Perhaps I’m a bit dense, but I didn’t read anything really that wrong with cheezit’s post - maybe because I came at it from the assumption that he/she was a decent person who was honestly concerned.
And I don’t think yojimbo was trying to flame back either.
Charitable: 1. kind and generous in giving money or other help to those in need 2. of or for charity 3. kind and forgiving in judging others; lenient
Charity: 1. Christian theol. the love of God for man or of man for his fellow men. 2. an act of good will or affection 3. the feeling of good will; benevolence 4. kindness or leniency in judging others. 5. a) a voluntary giving of money or other help to those in need b)money or help so given c) an instituion or other recipient of such help 6. a welfare instituion, organization or fund.
Sorry, but not a word to be found about “pity” in the definition. Not a word to imply that “pity” has anything to do with charity.
I can feel pity for jerks without extending them any charity. I can extend charity to jerks without feeling any pity at all.
And I wouldn’t try to tell you anything. I hate wasting my time.
Ok , cheezit it seems wires may have been crossed . You have shown me how you think ( not that you where under any obligation to ) . I do see where I could inferre the things I have said in your posts but obviously that’s not what you meant and I just made a mistake .
A lot of points you have brought up are things other posters have said or taken you up wrong . I was just looking for an explaination not a fight.
While I still don’t agree with you on everything you have said that is my problem and not yours . As far as I’m concerned this is over. If you do what to continue my e-mail is showing .
Guys, I’m a cashier at KrapMart, and let me tell you: what he said was NOT appropriate.
I’m not being nasty, I feel for this boy. But not only would it make customers uncomfortable, as some have pointed out, it would make him a target.
I would hope that I would be as polite as Diane. But, I would speak with a manager, and make it known that I was concerned for poor John. Because let me tell you, what if he said that to a small child, and a parent got the wrong idea, and all that?
So let’s just say, that he’s probably not a bad kid, but that still doesn’t make what he said appropriate, all right?
Would the clerks statements be ok if he WEREN’T retarded?
Discussing bodily functions with a customer is NOT ok.
If this kid can’t understand that, I agree with Yue Han, he needs another job. Not to be fired, but to be removed from interacting with strangers. Other employees can be trained, explained to, it’s not the same.

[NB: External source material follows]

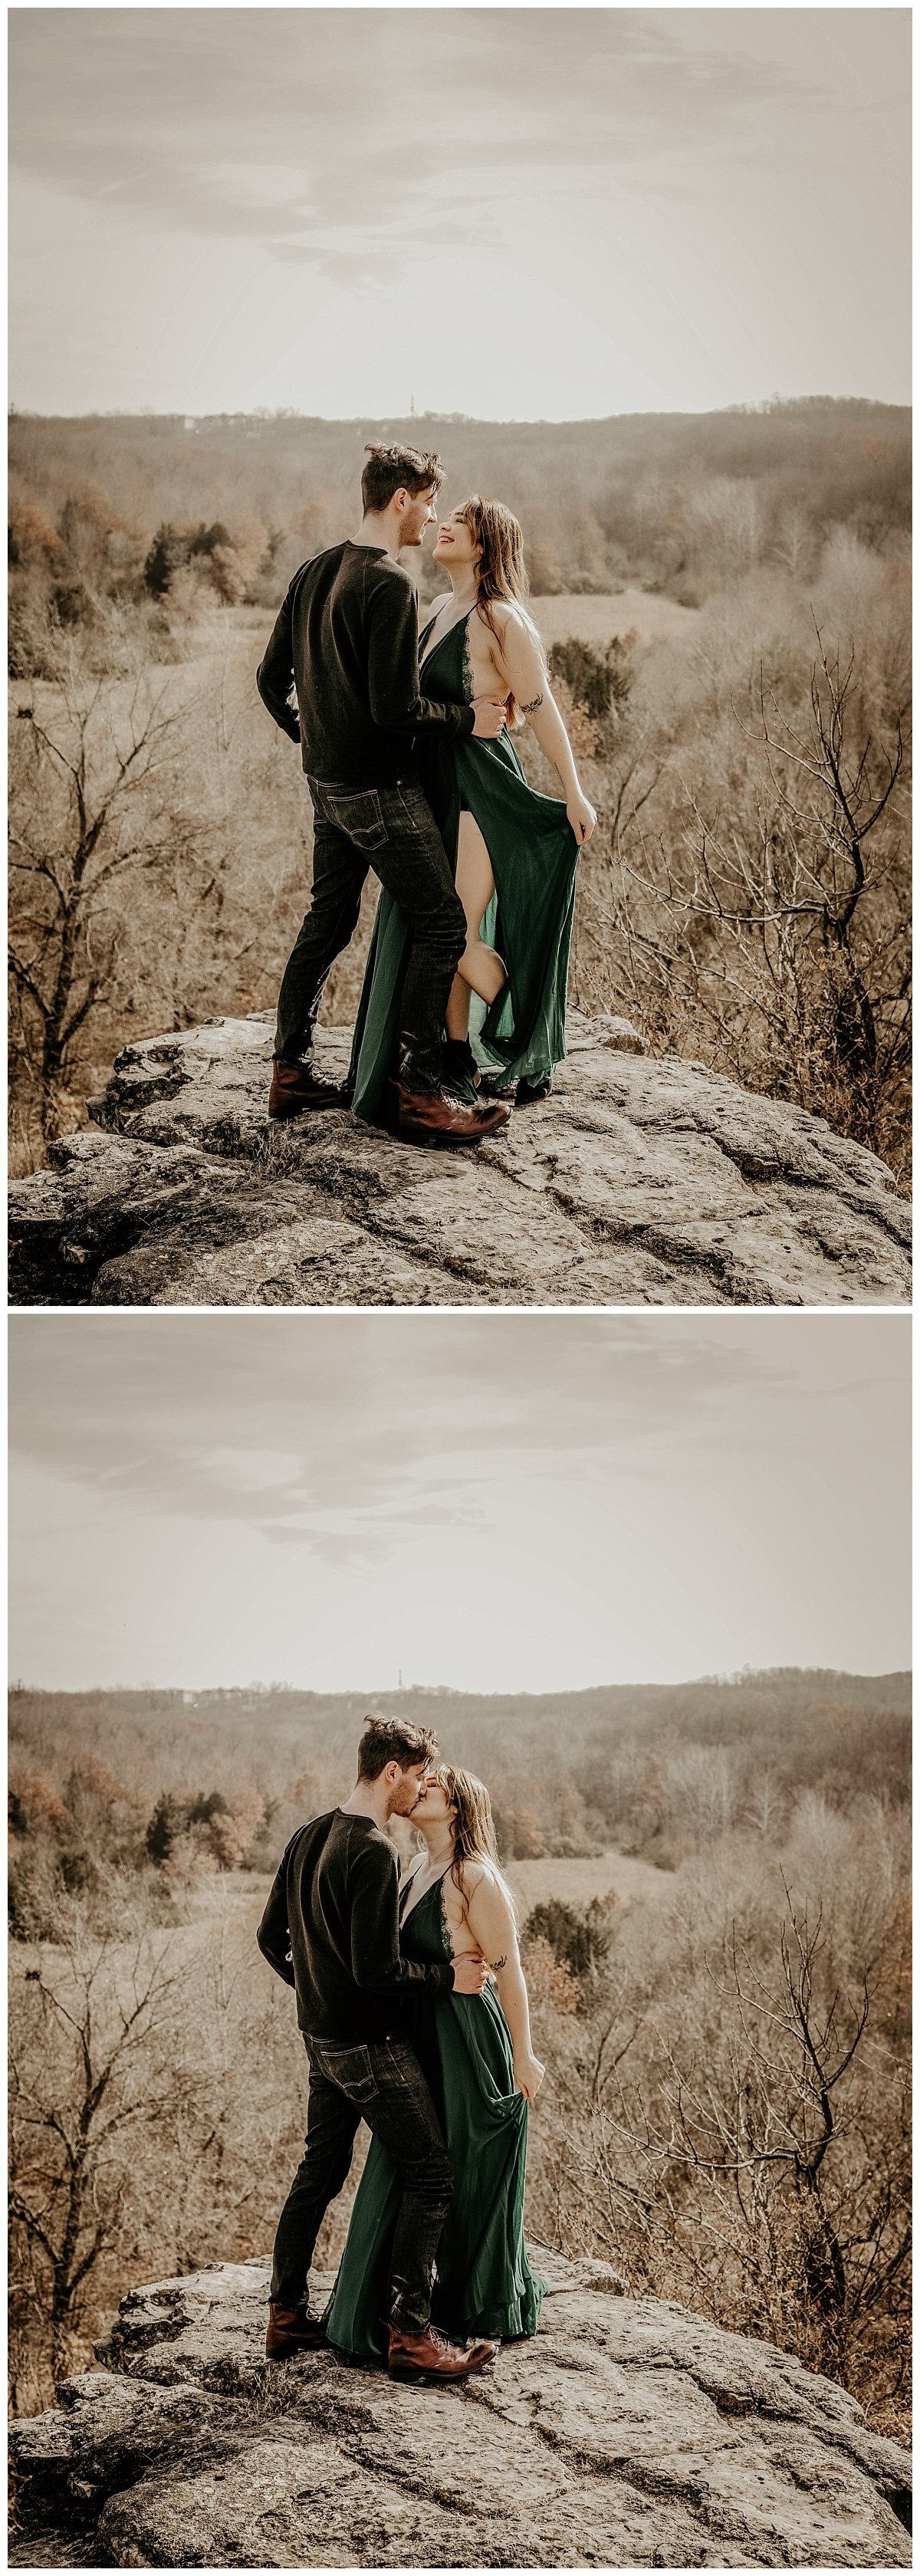 Couples+Adventure+Session+_+Mountain+Couples+Photos+_+Kansas+City+Engagement+Photography+Kansas+City+Wedding+Photography (4).jpeg

Well, I gotta say, I’m not sure how I’d react if a boy asked me to do that. But it wouldn’t be harshly. And I honestly don’t think there’s many people out there who would react harshly.
And saying he might be in danger is silly. He might be in danger anywhere except for home. But who wants to live such a sheltered life? I would bet the reason he likes that job is because he gets to talk to people. Not to mention he’s actually enjoying a job that most other people wouldn’t want. And people tend to prefer being helped by someone who enjoys their job, like the guys you see in the commercials. You know, the guys who look like they’re absolutely thrilled to be wearing an apron and a paper hat. Of course, that ideal employee probably doesn’t ask people to change his diaper. But hey, you gotta take the good with the bad.
Remember, this is a nice kid. And from all available accounts, rather likeable. So he said some things that are inappropriate, but everybody has a different idea of what’s inappropriate. I was once fired because a coworker and I were talking about the percentage of gays and lesbians amongst males and females. My coworker was gay, he didn’t find it offensive. But somebody in the other room overheard and complained to the manager that it was inappropriate. Most people wouldn’t have been offended by that. But this guy had a tick up his ass about it.
I wish everybody would realize that if they get offended, it might be their own fault.